Tickets will be available beginning Oct. 9. Capacity is limited; timed-entry ticketing will be used. An exclusive GSC Friends and Family Presale will be offered beginning Sept. 21 to select GSC supporters, including GSC members, donors, volunteers and staff.

This outdoor holiday experience will be from 5:30 to 10 p.m. most nights, with select nights ending at 11 p.m. The experience will be closed Thanksgiving Day, Christmas Eve and Christmas Day. For information, visit www.greensboroscience.org/winterwonderlights/.

The GSC worked with professional lighting designers from GES Events to create immersive experiences using a combination of traditional lighting techniques and the latest in lighting technology. Custom zones include Snowball Surprise, Forest of Light, Gingerbread Barn and Dancing Fountains.

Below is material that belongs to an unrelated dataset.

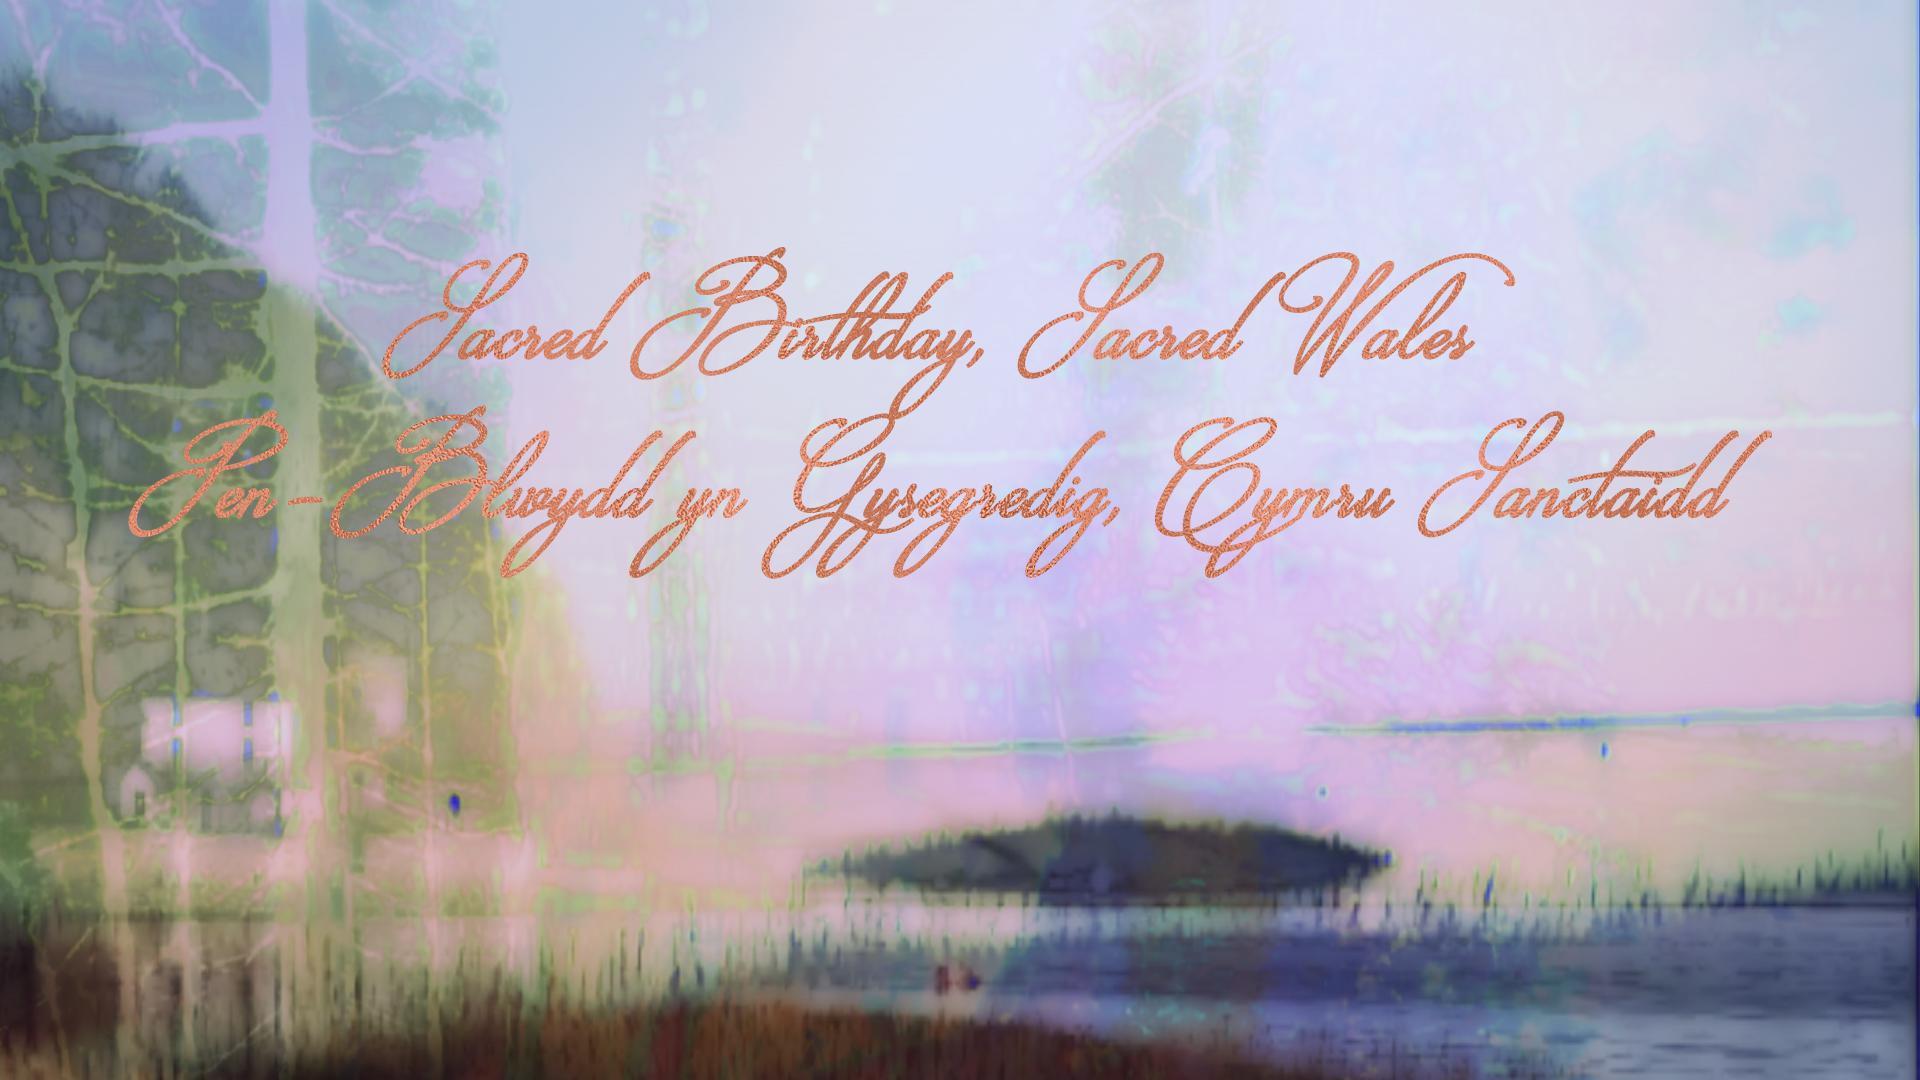 Sacred Birthday, Sacred Wales - Pen-Blwydd yn Gysegredig, Cymru Sanctaidd

In addition to exploring 12 unique zones, guests will be invited to enjoy festive music with special performances by Greensboro Opera on select nights. Food and drinks (non-alcoholic beverages as well as beer, wine and signature cocktails) will be available for purchase. Each Winter Wonderlights guest can also enjoy one complimentary moonlight ride on The Rotary Club of Greensboro Carousel.

Grants

The NCA Center for Communication, Community Collaboration and Change, housed in the department of communication studies at UNCG, has selected the Beloved Community Center, a grassroots organization empowering the voices of the oppressed, as its fifth and final grant recipient for its social justice-focused programming through 2021. The grant is designed to fund critical community programming and contribute to research demonstrating the power of communication to deepen community collaborations that promote social change.

With the $15,000 grant funding, the BCC will hire a community intern, improve the organization’s communication operations in outreach and archive and develop a communications manual for future use.